Prompt: Reproduce the data below exactly as written. Pictures do not belong in the copy.

Material provided:
---

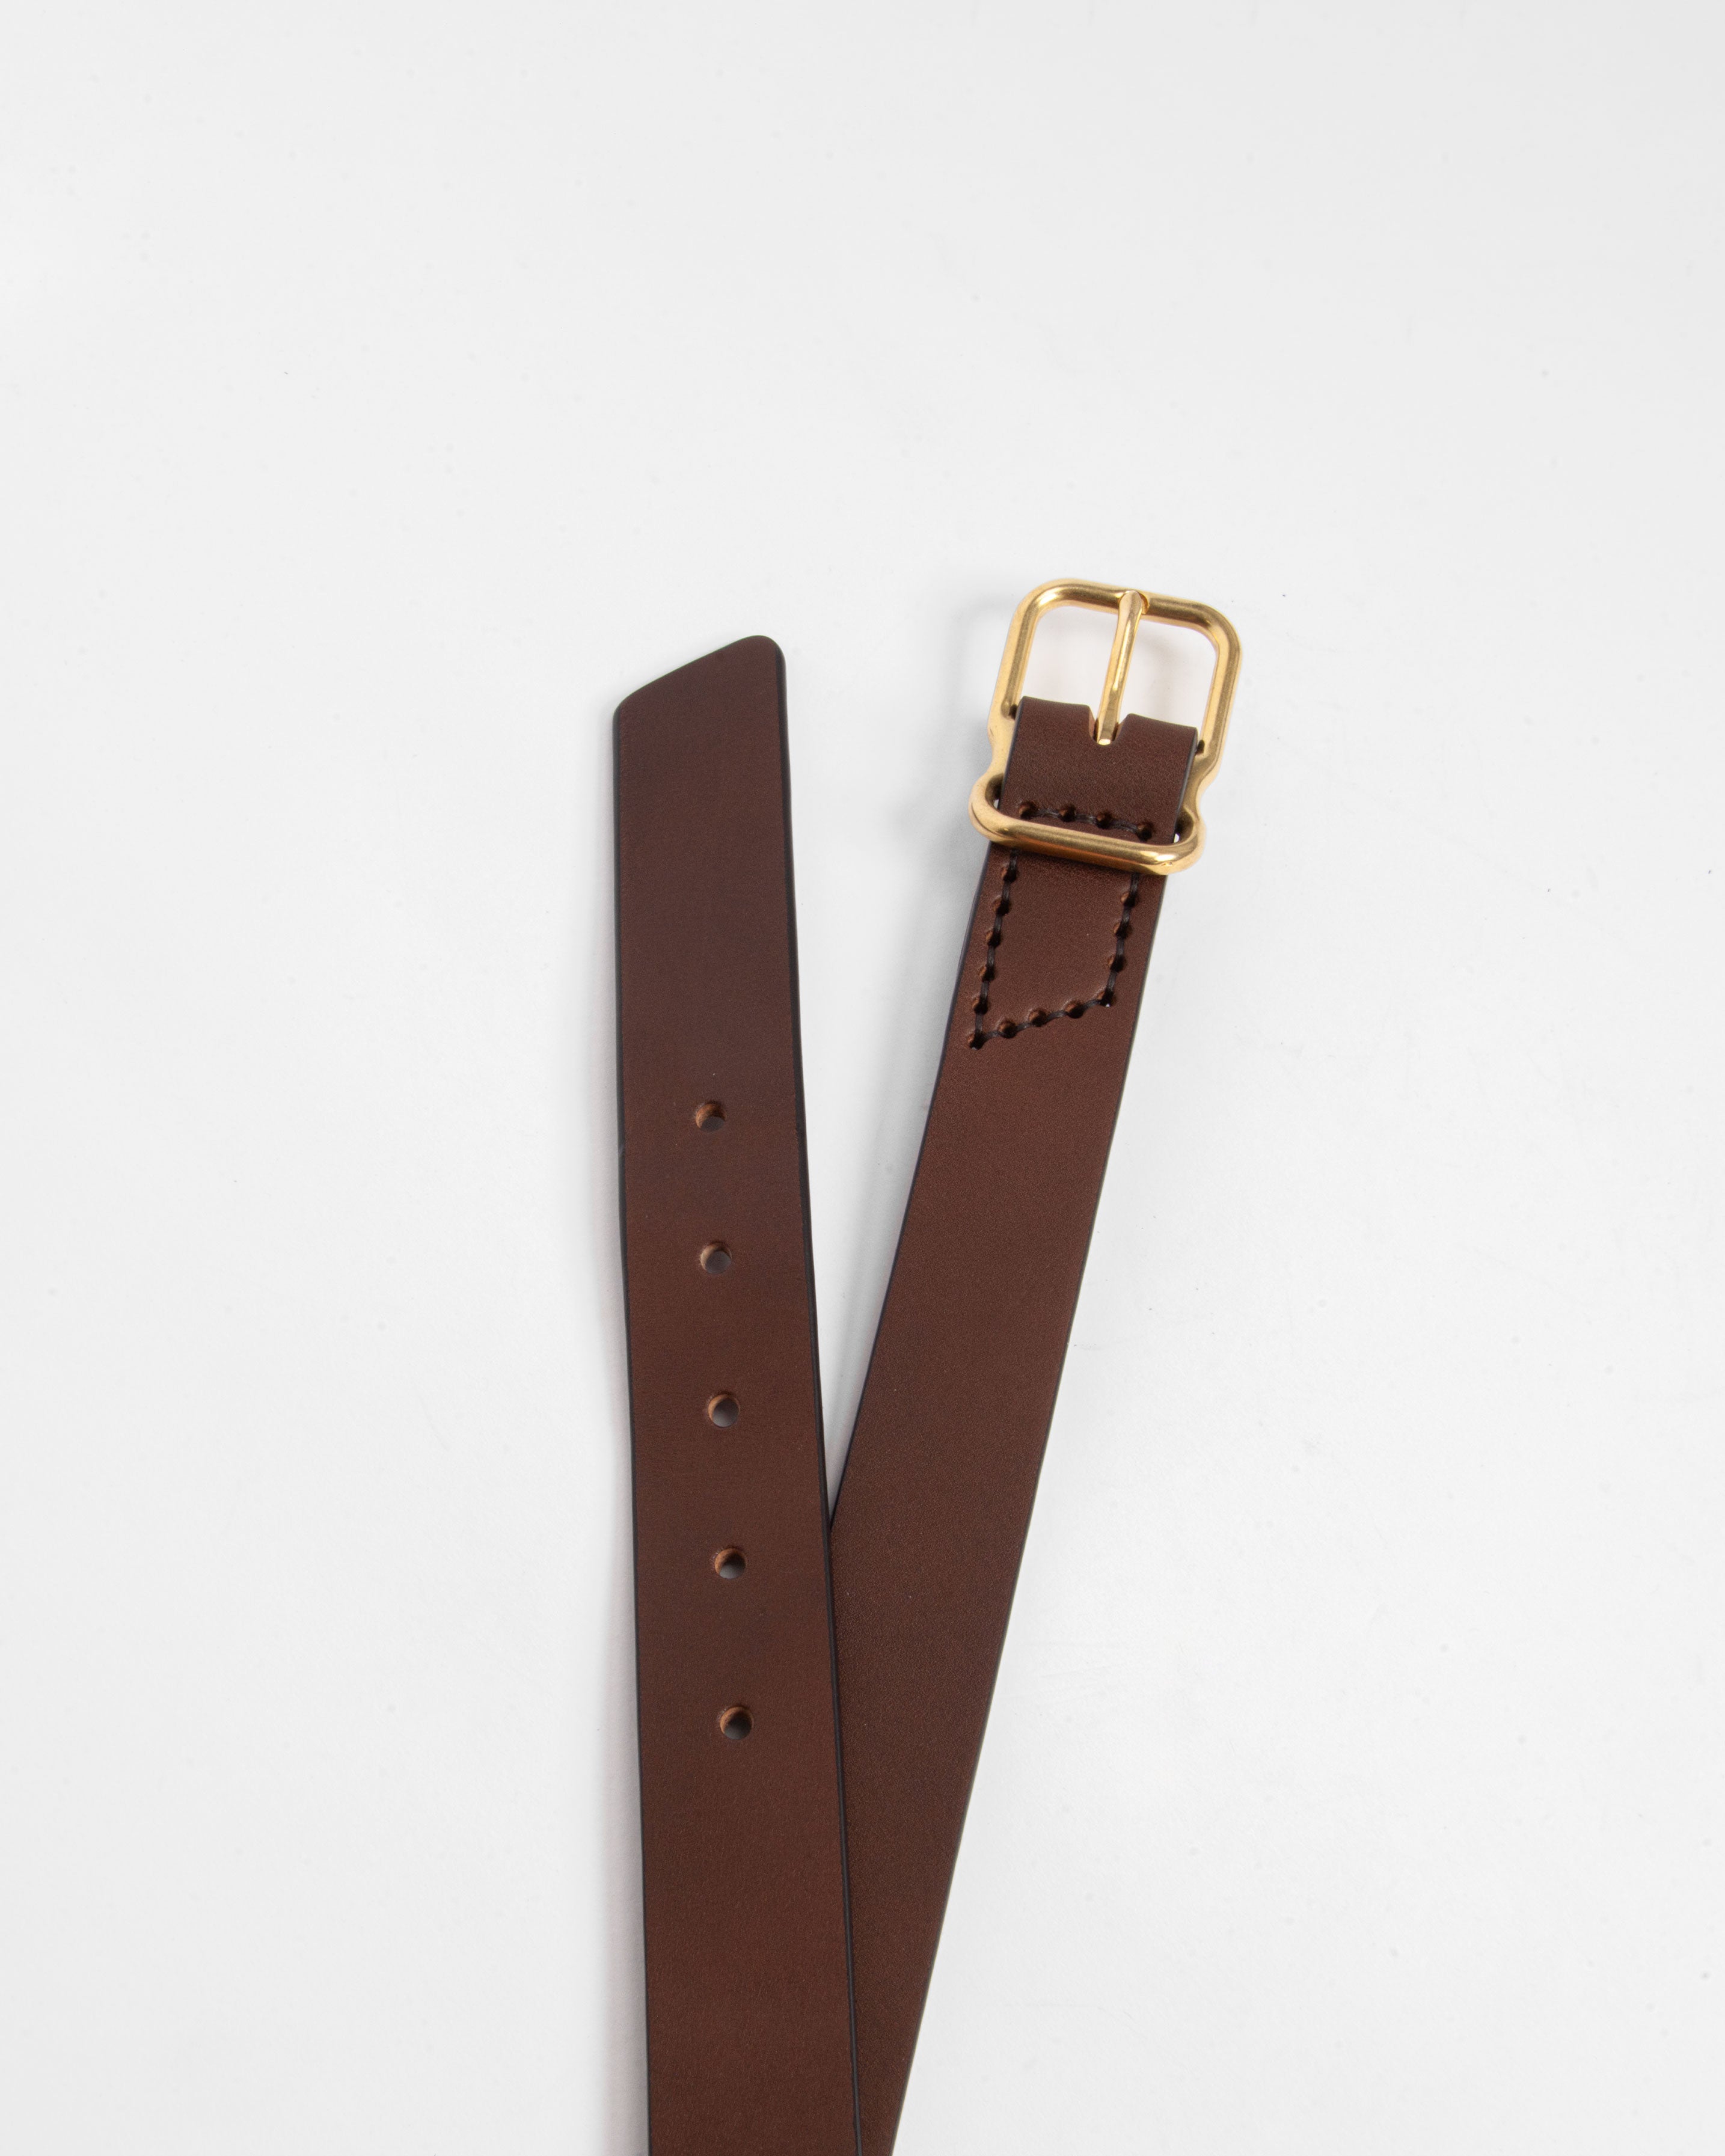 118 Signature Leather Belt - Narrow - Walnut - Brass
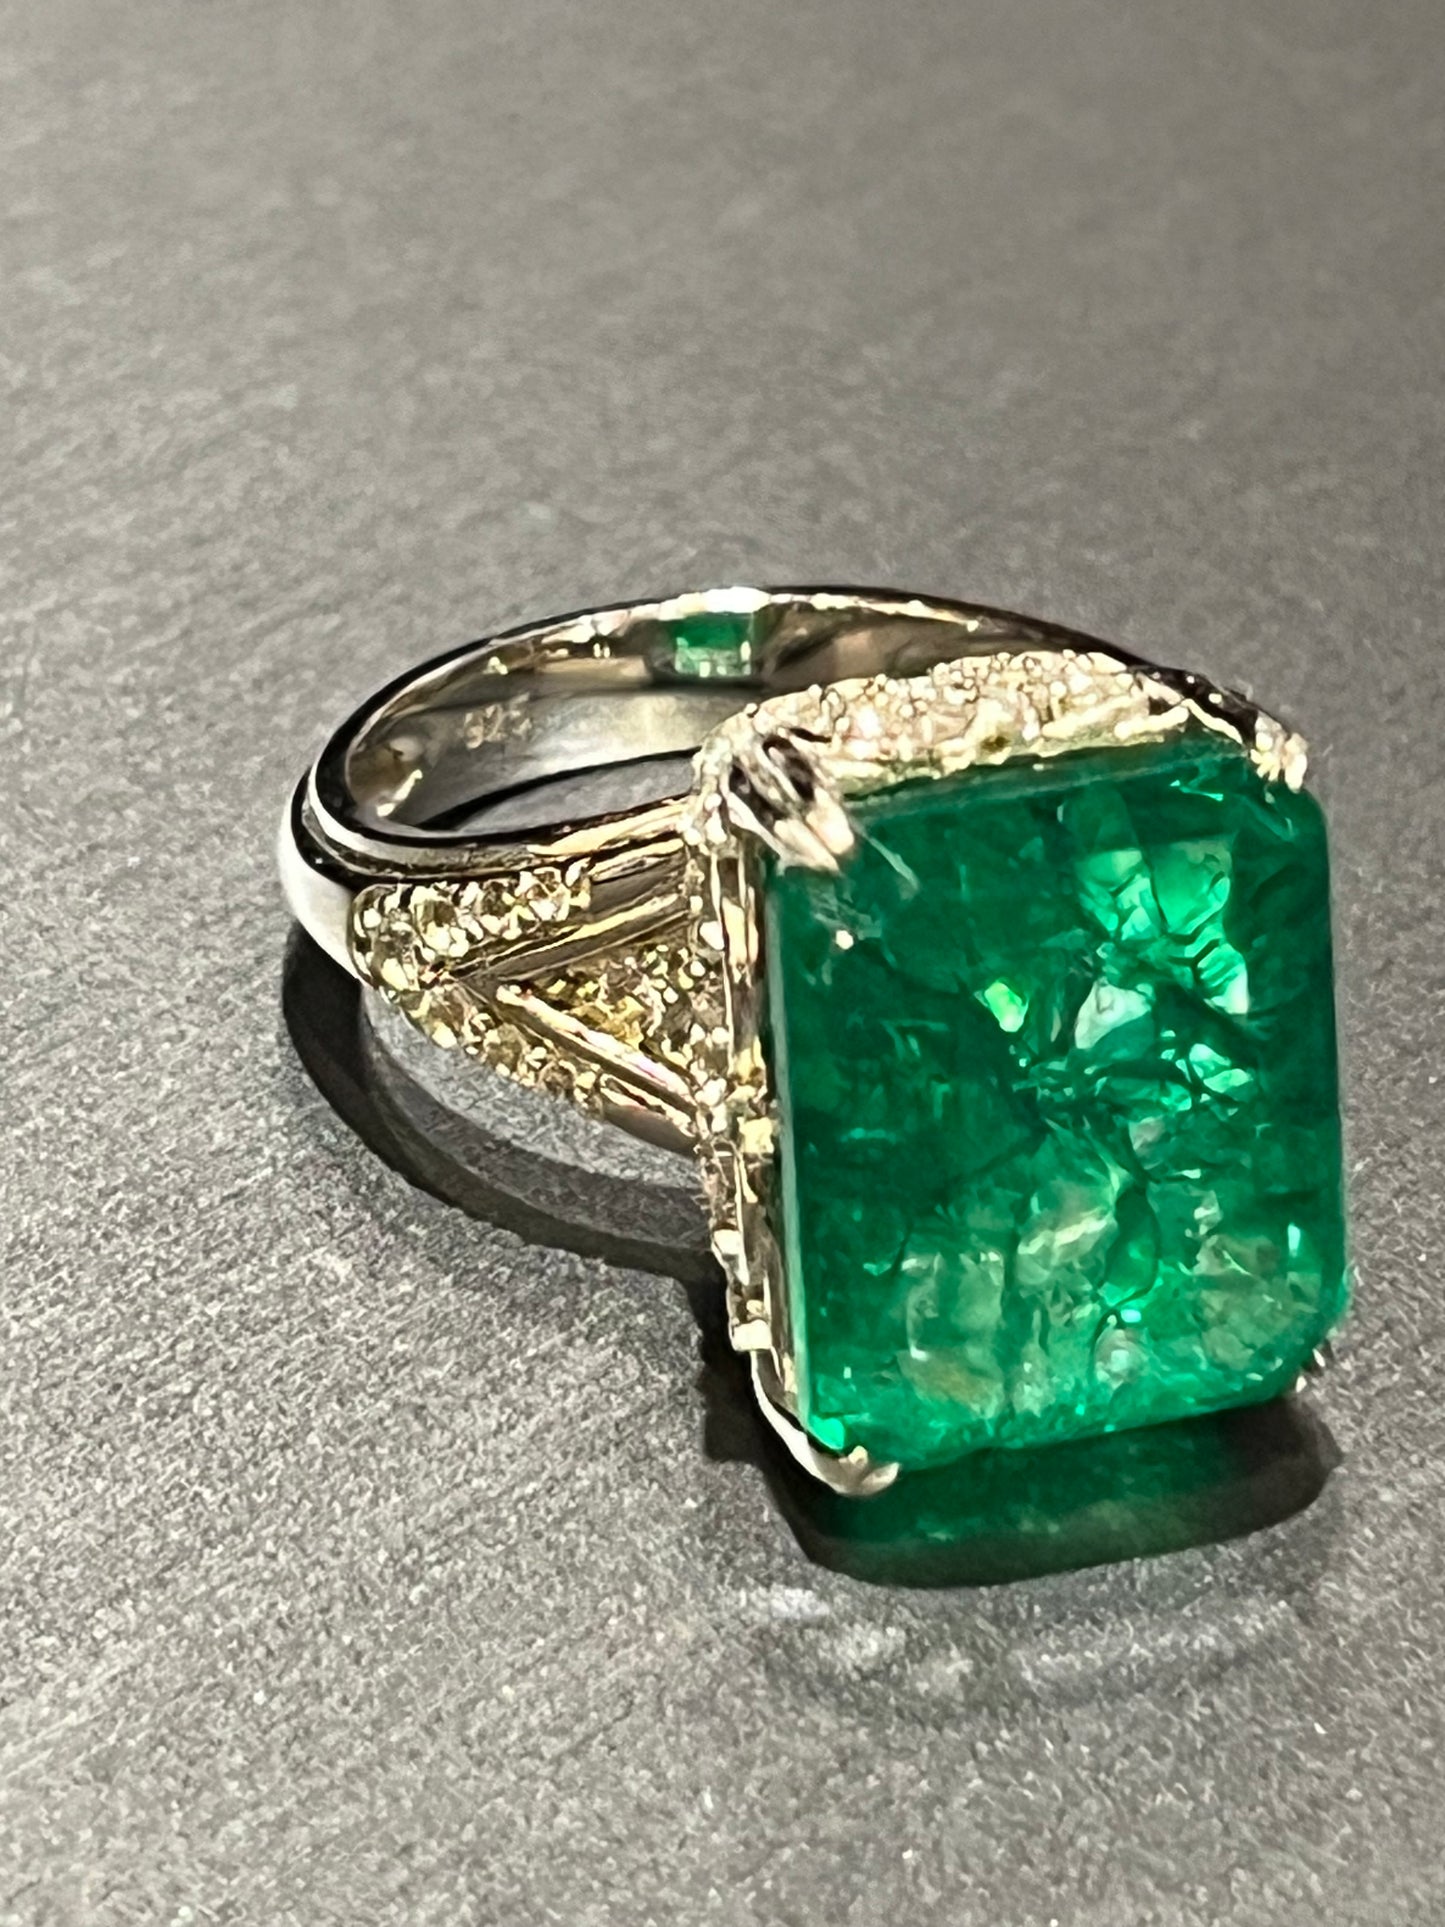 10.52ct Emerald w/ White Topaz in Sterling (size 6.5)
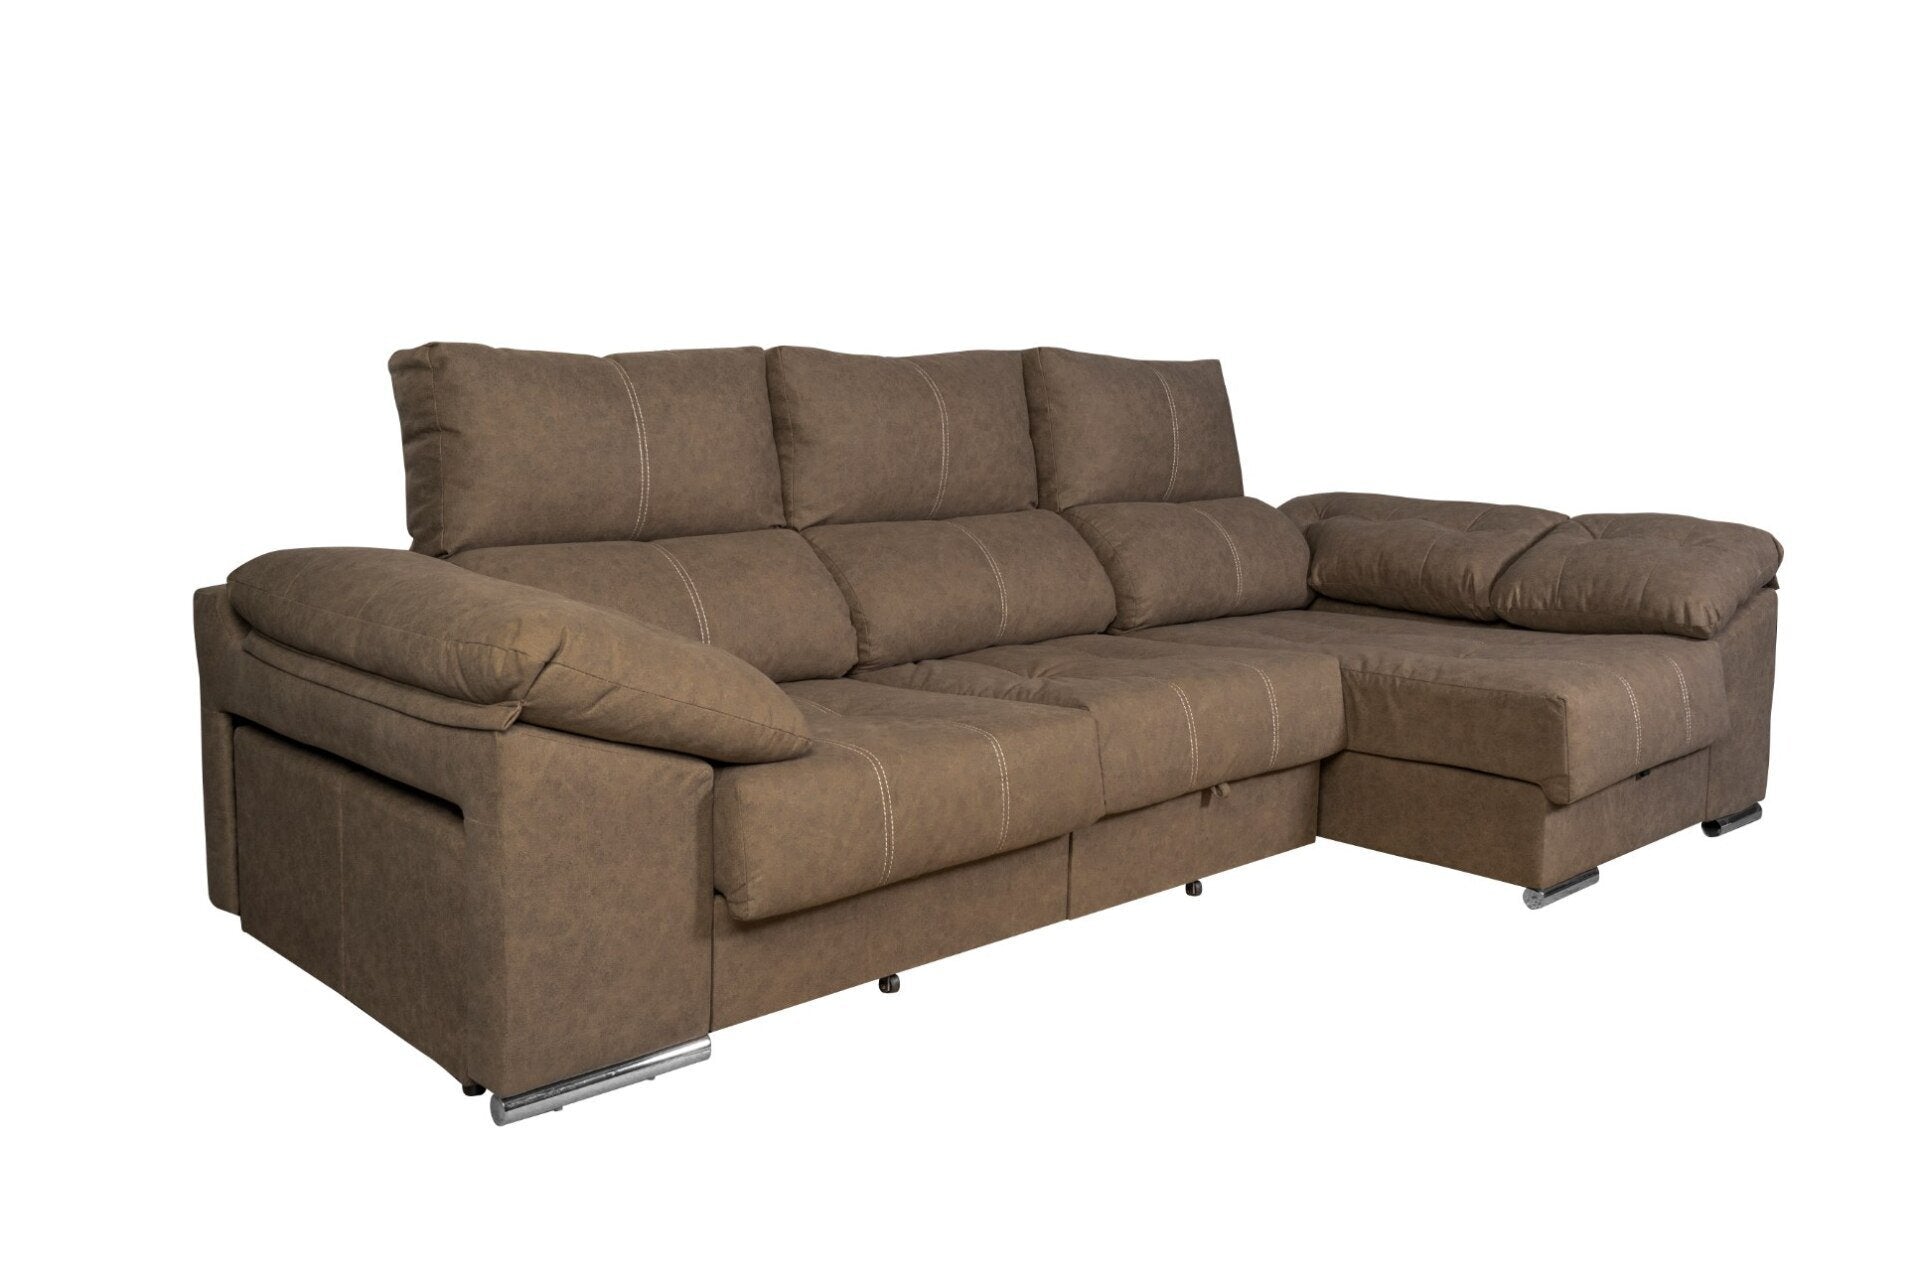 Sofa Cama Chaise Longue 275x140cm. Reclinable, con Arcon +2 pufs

---

Answer space:
 118 Signature Leather Belt - Narrow - Walnut - Brass
 10.52ct Emerald w/ White Topaz in Sterling (size 6.5)
 Sofa Cama Chaise Longue 275x140cm. Reclinable, con Arcon +2 pufs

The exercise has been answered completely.